▸ EXERCISE DIRECTIONS
Transcribe the listing that follows in full, exactly, and drop its images.

╭─ COLLECTED MATERIAL

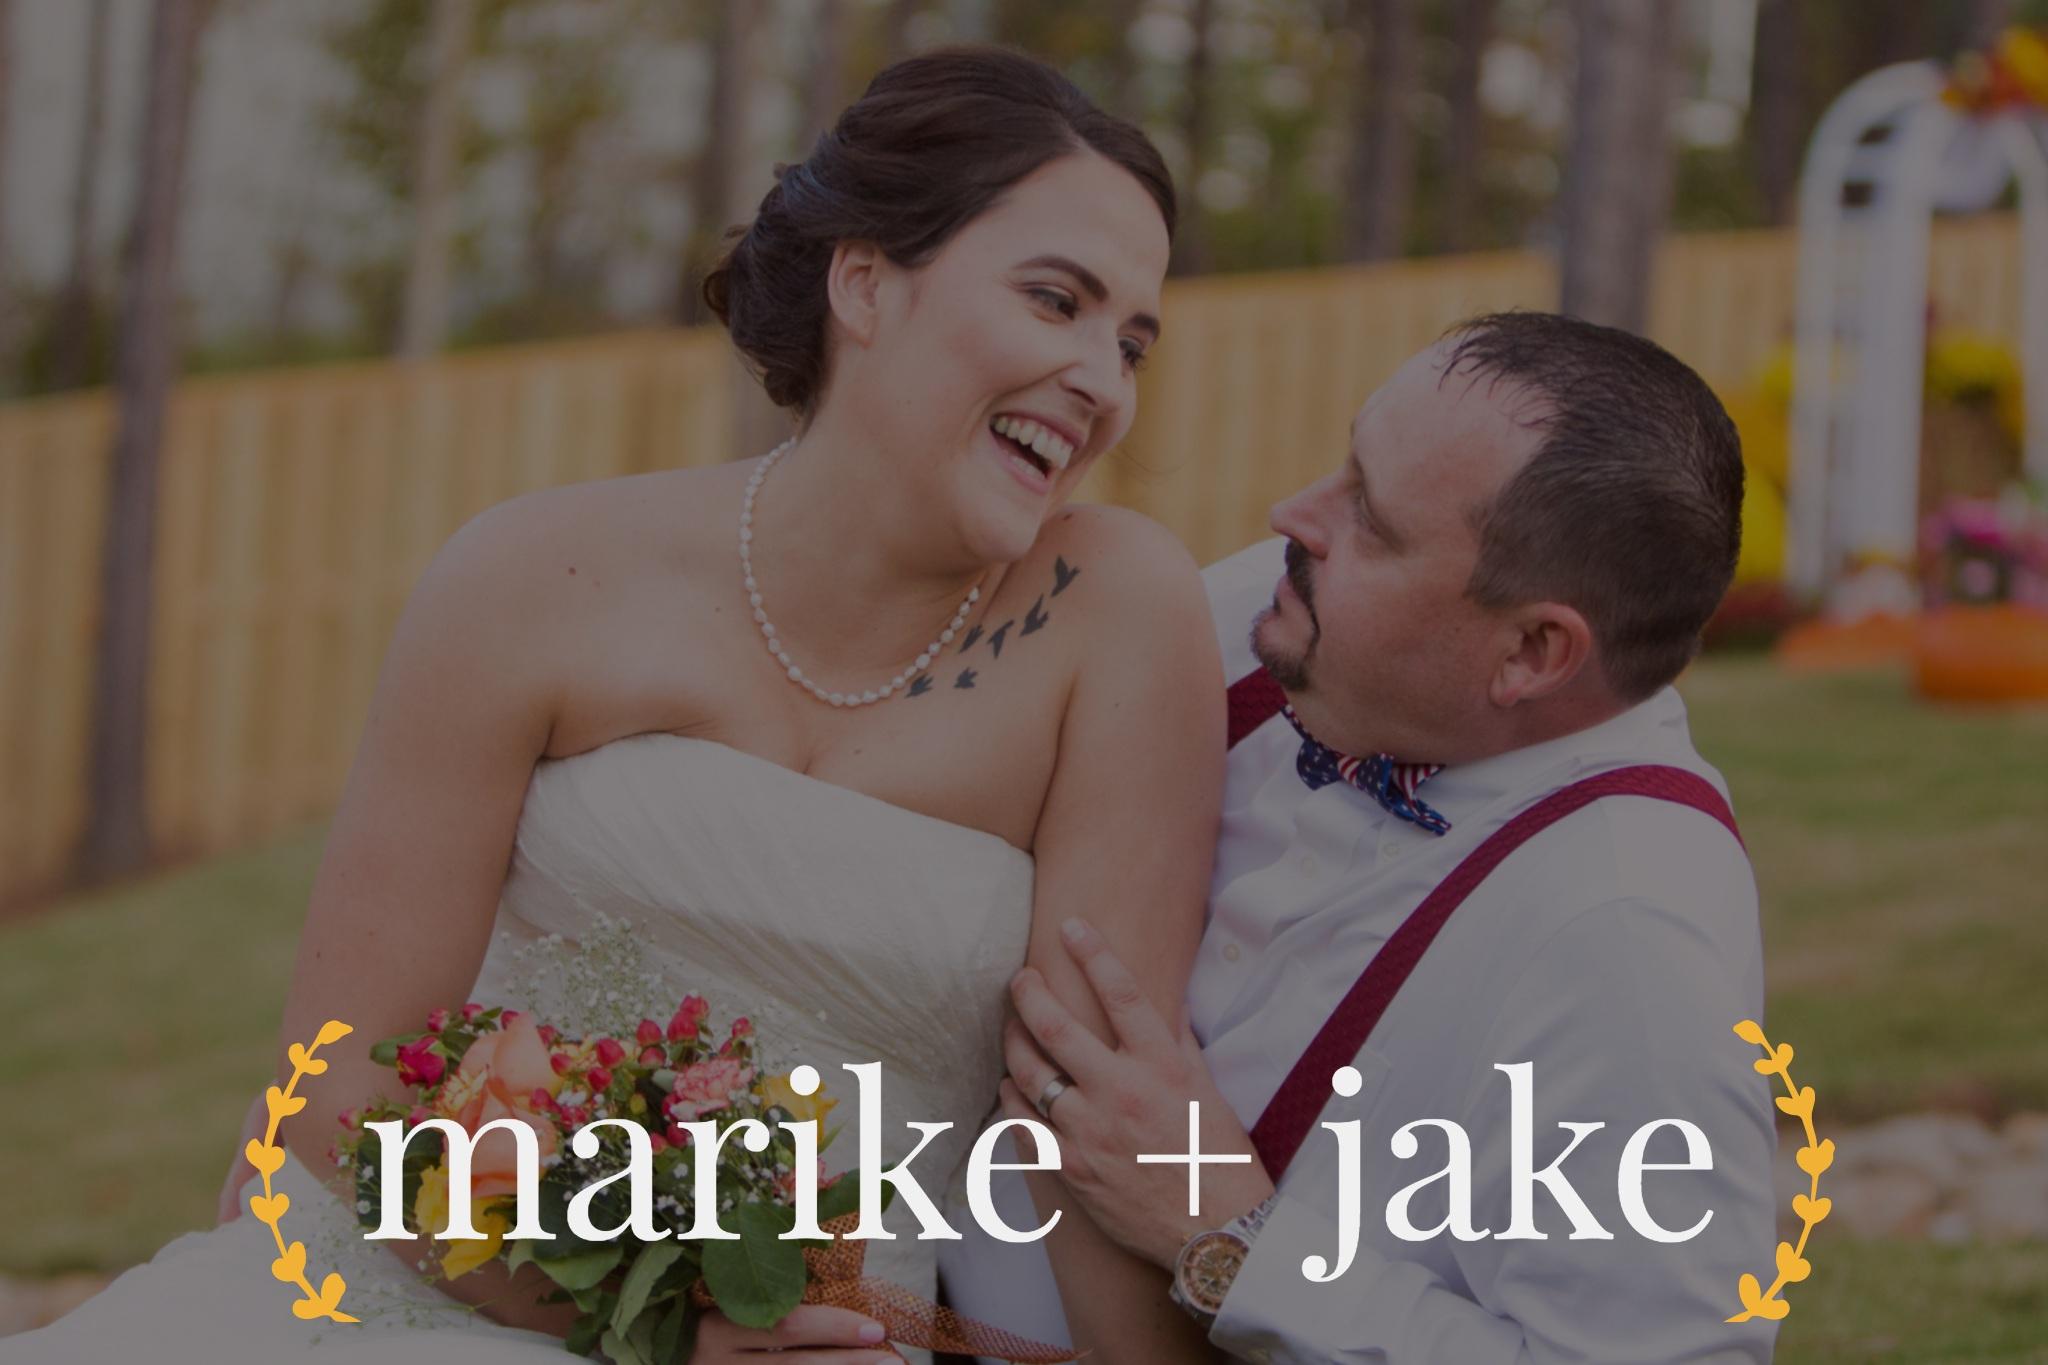 backyard wedding marike jake.jpg
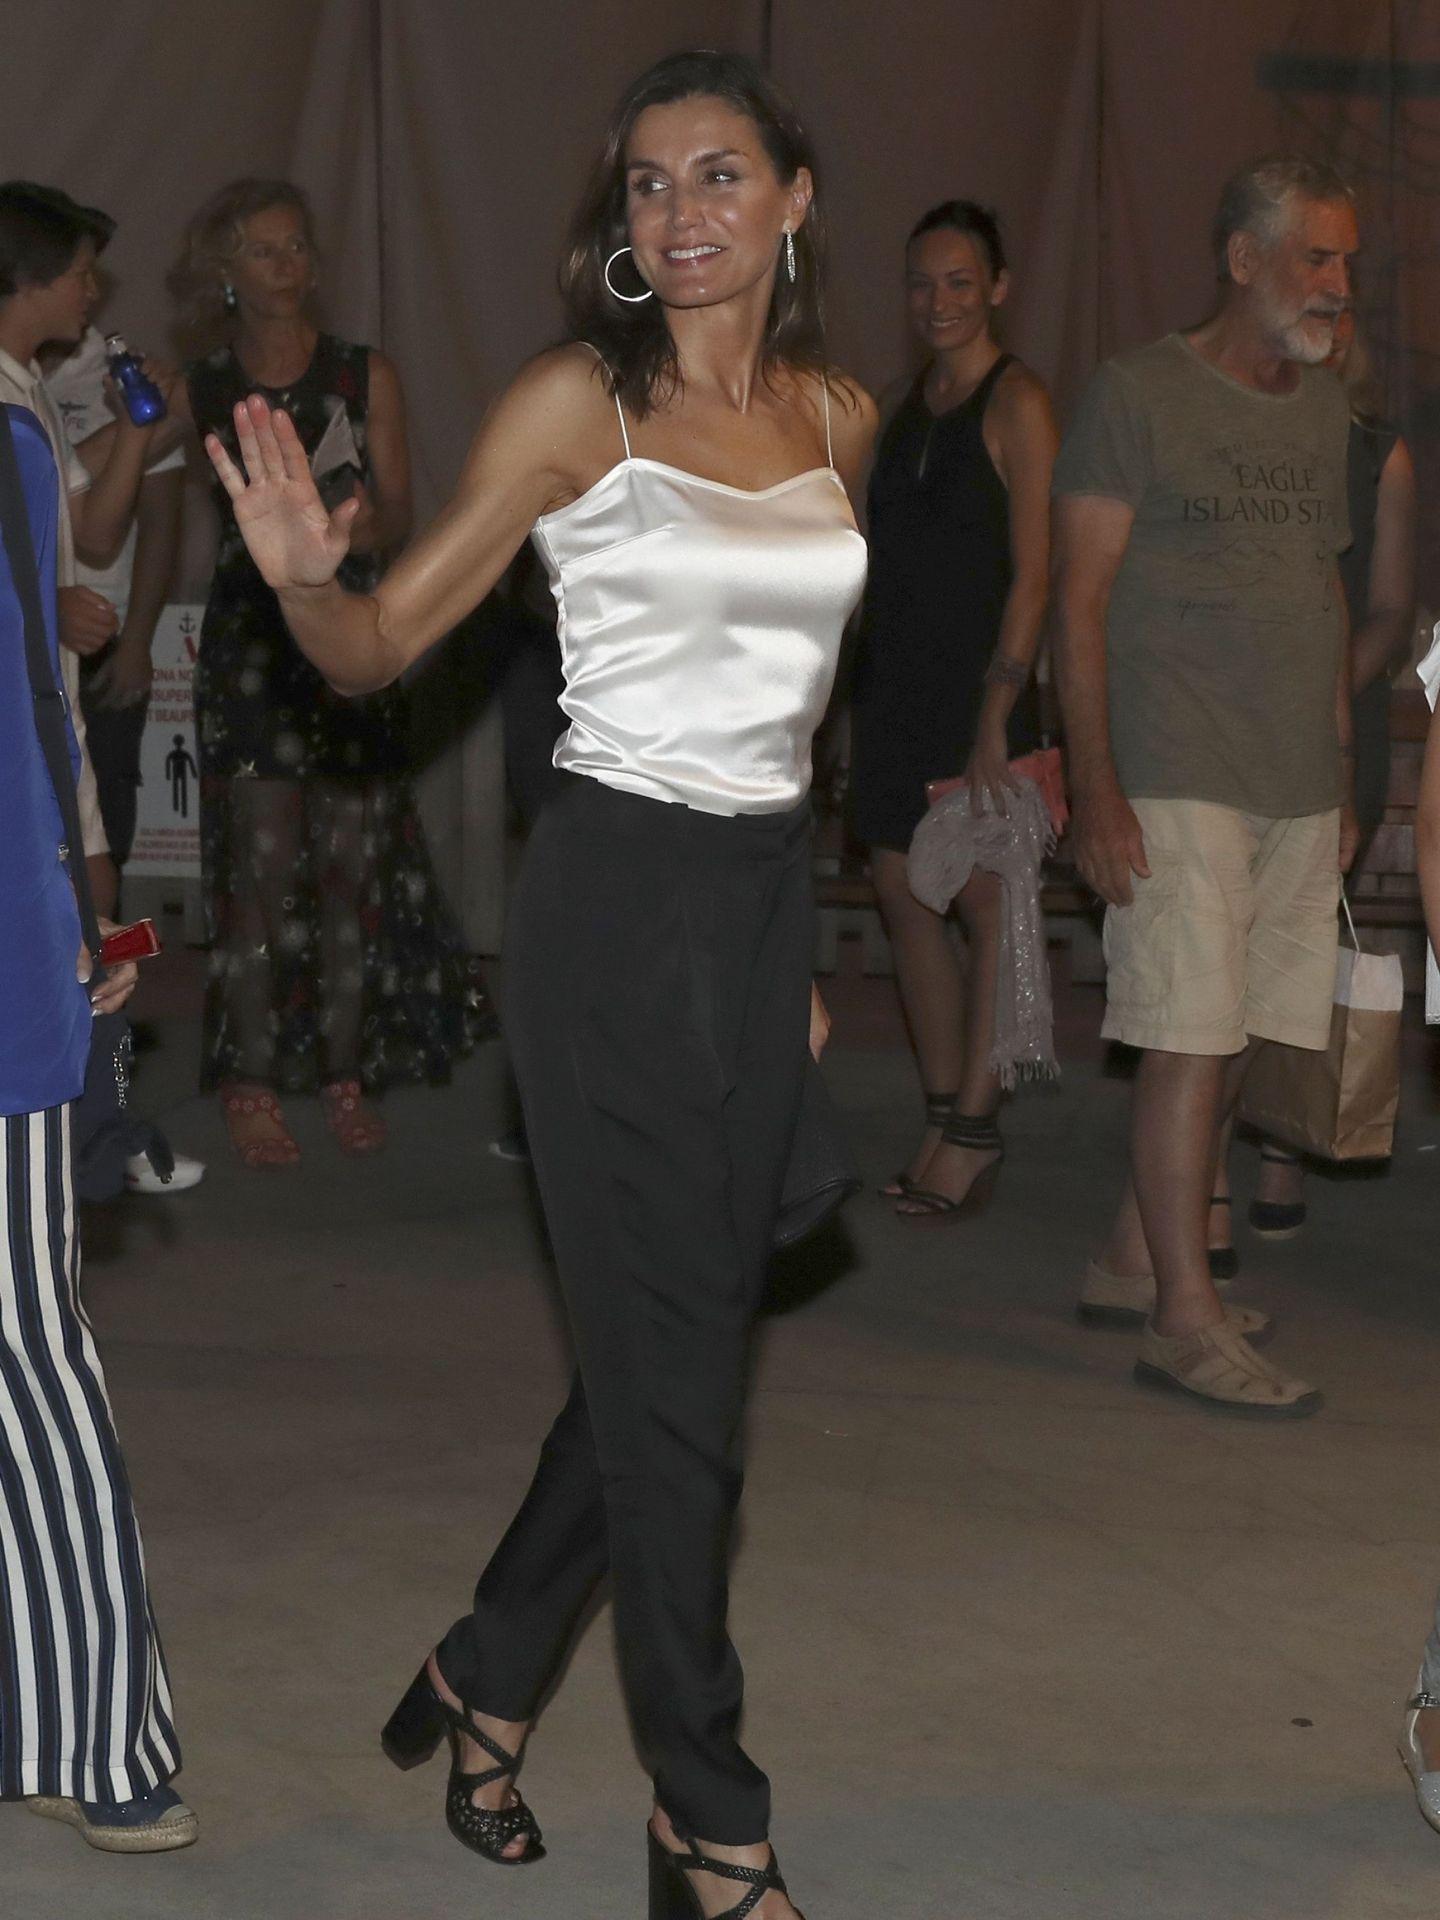 La reina Letizia a su salida del concierto del violinista Ara Malikian en Port Adriano, en Palma de Mallorca. (EFE)
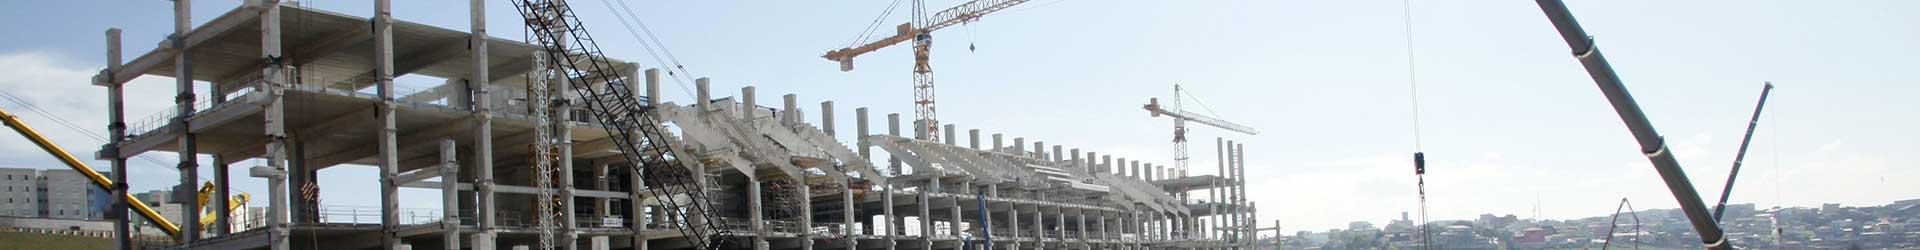 Systemen voor construction
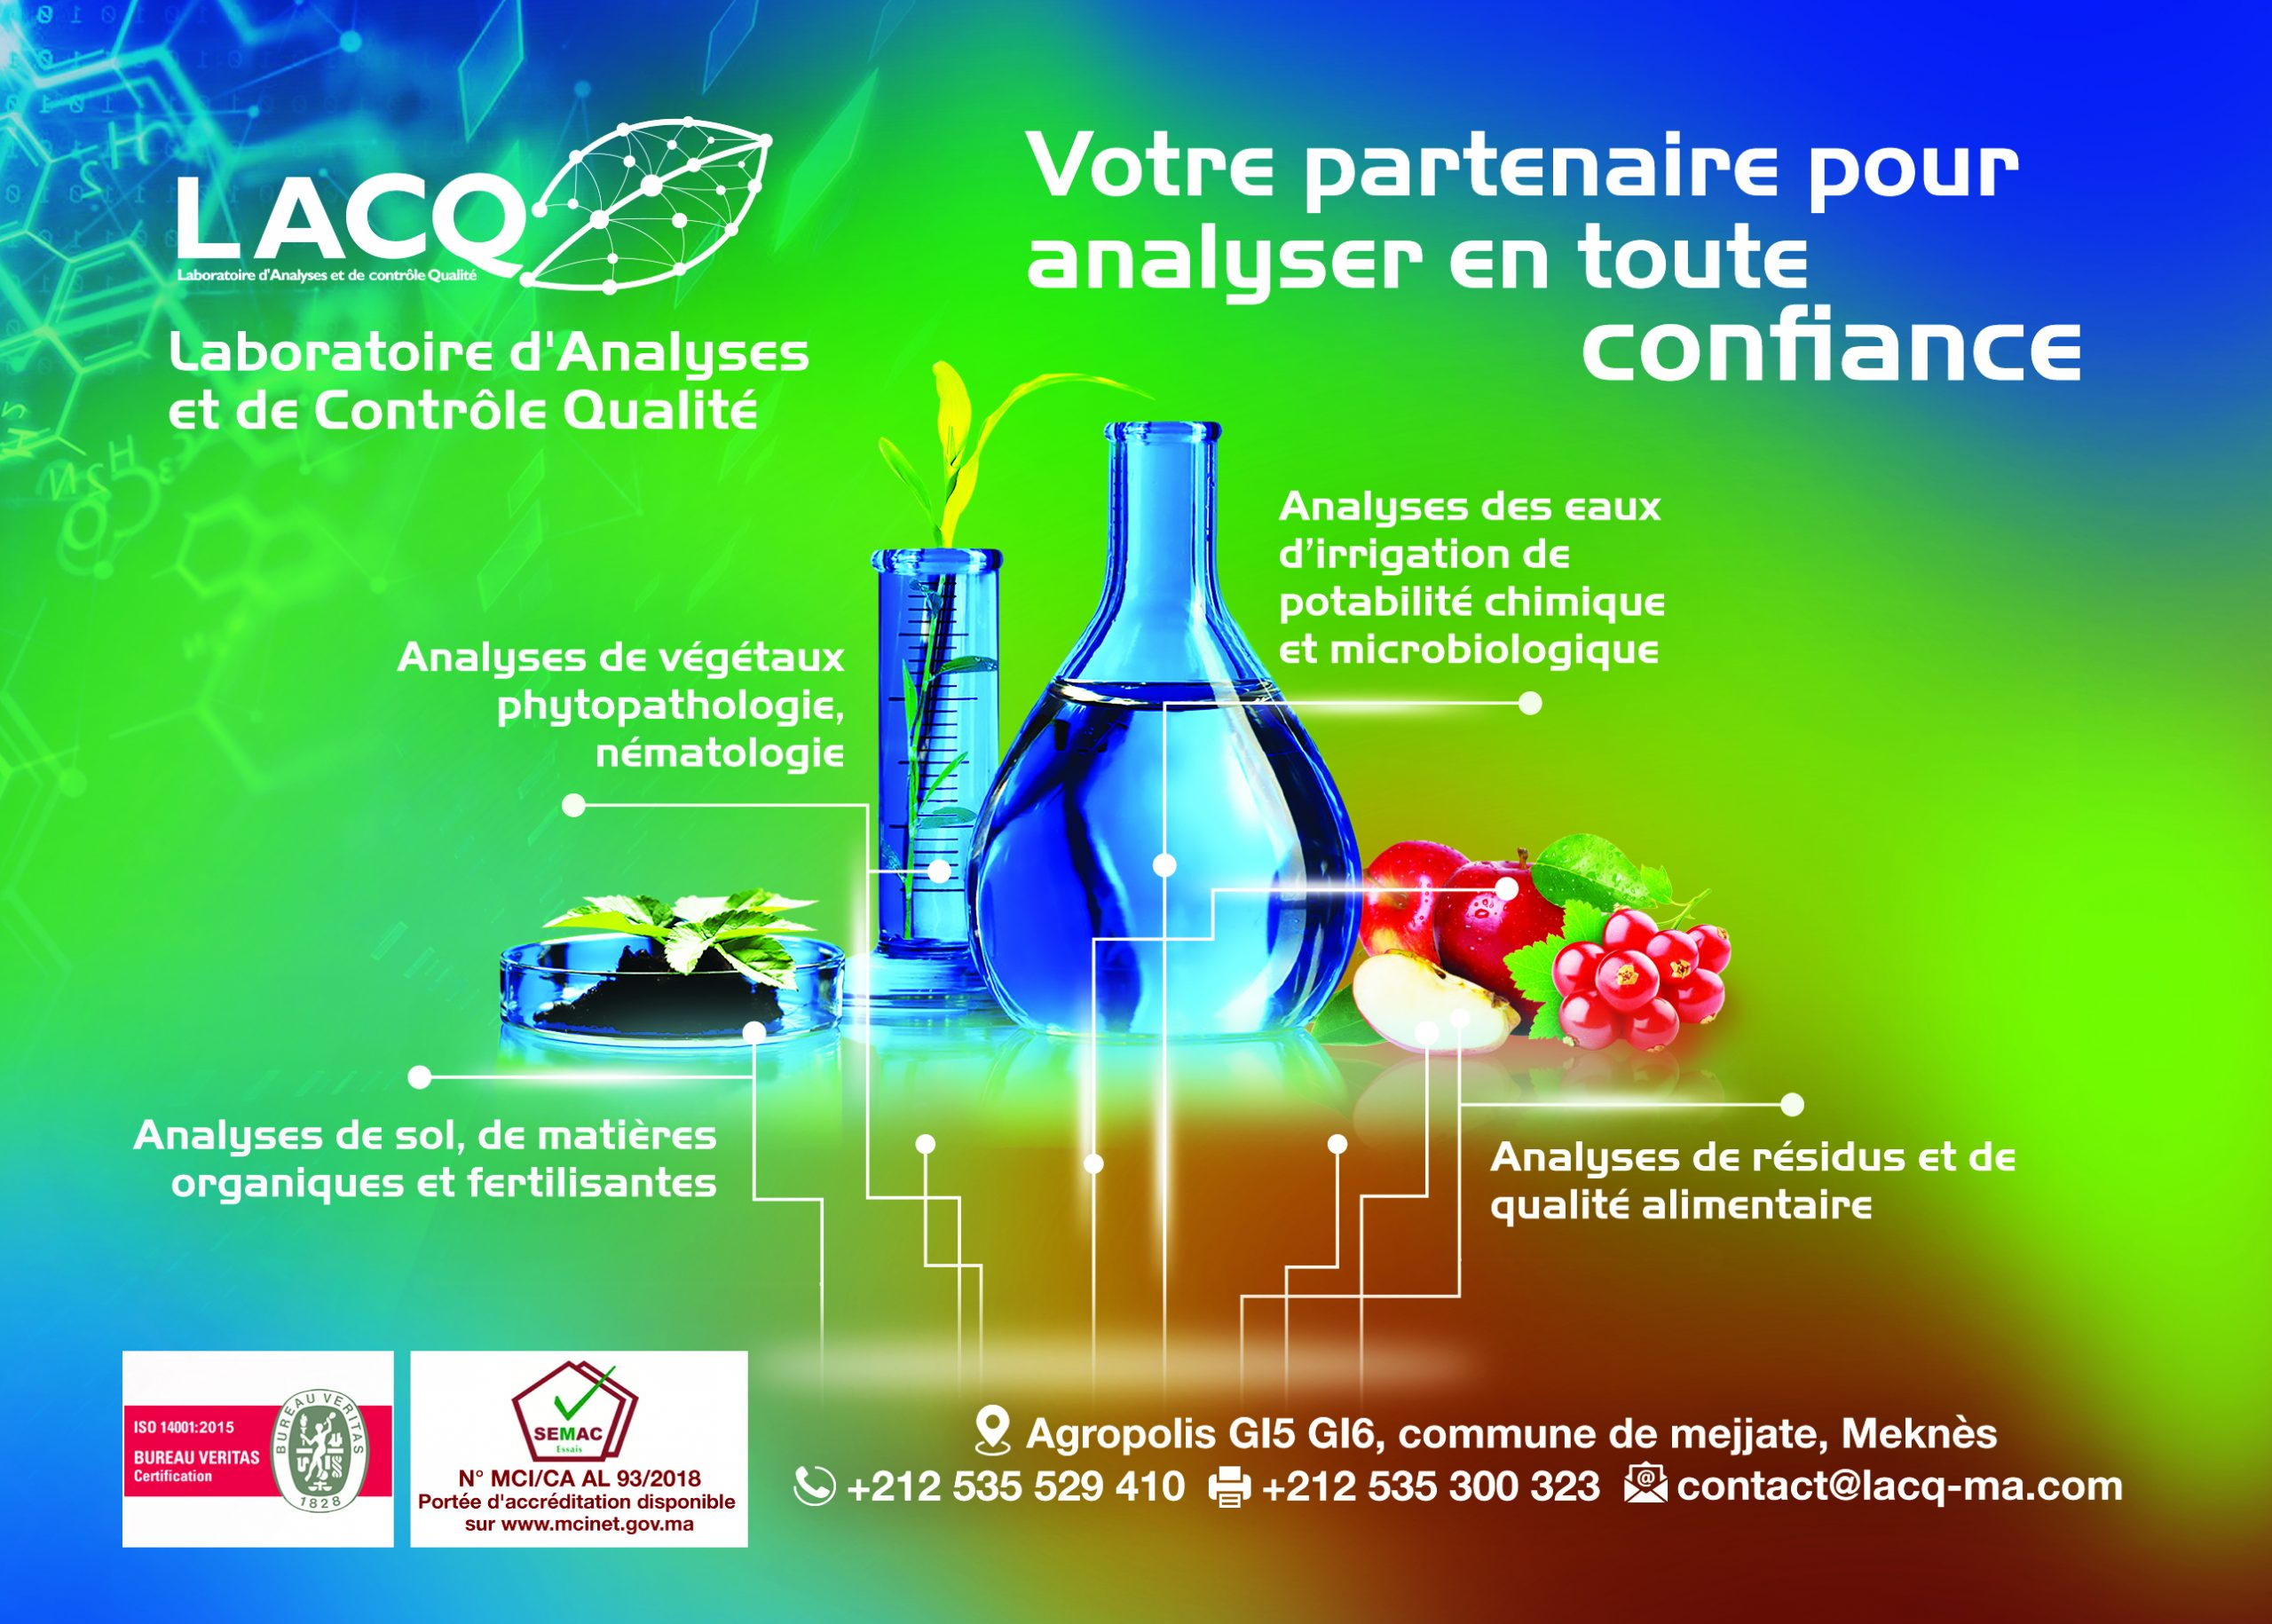 Accréditation du Laboratoire d'Analyses et de Contrôle Qualité  par le SEMAC

╰─

▸ TASK RESULT
 backyard wedding marike jake.jpg
 La reina Letizia a su salida del concierto del violinista Ara Malikian en Port Adriano, en Palma de Mallorca. (EFE)
 Systemen voor construction
 Accréditation du Laboratoire d'Analyses et de Contrôle Qualité  par le SEMAC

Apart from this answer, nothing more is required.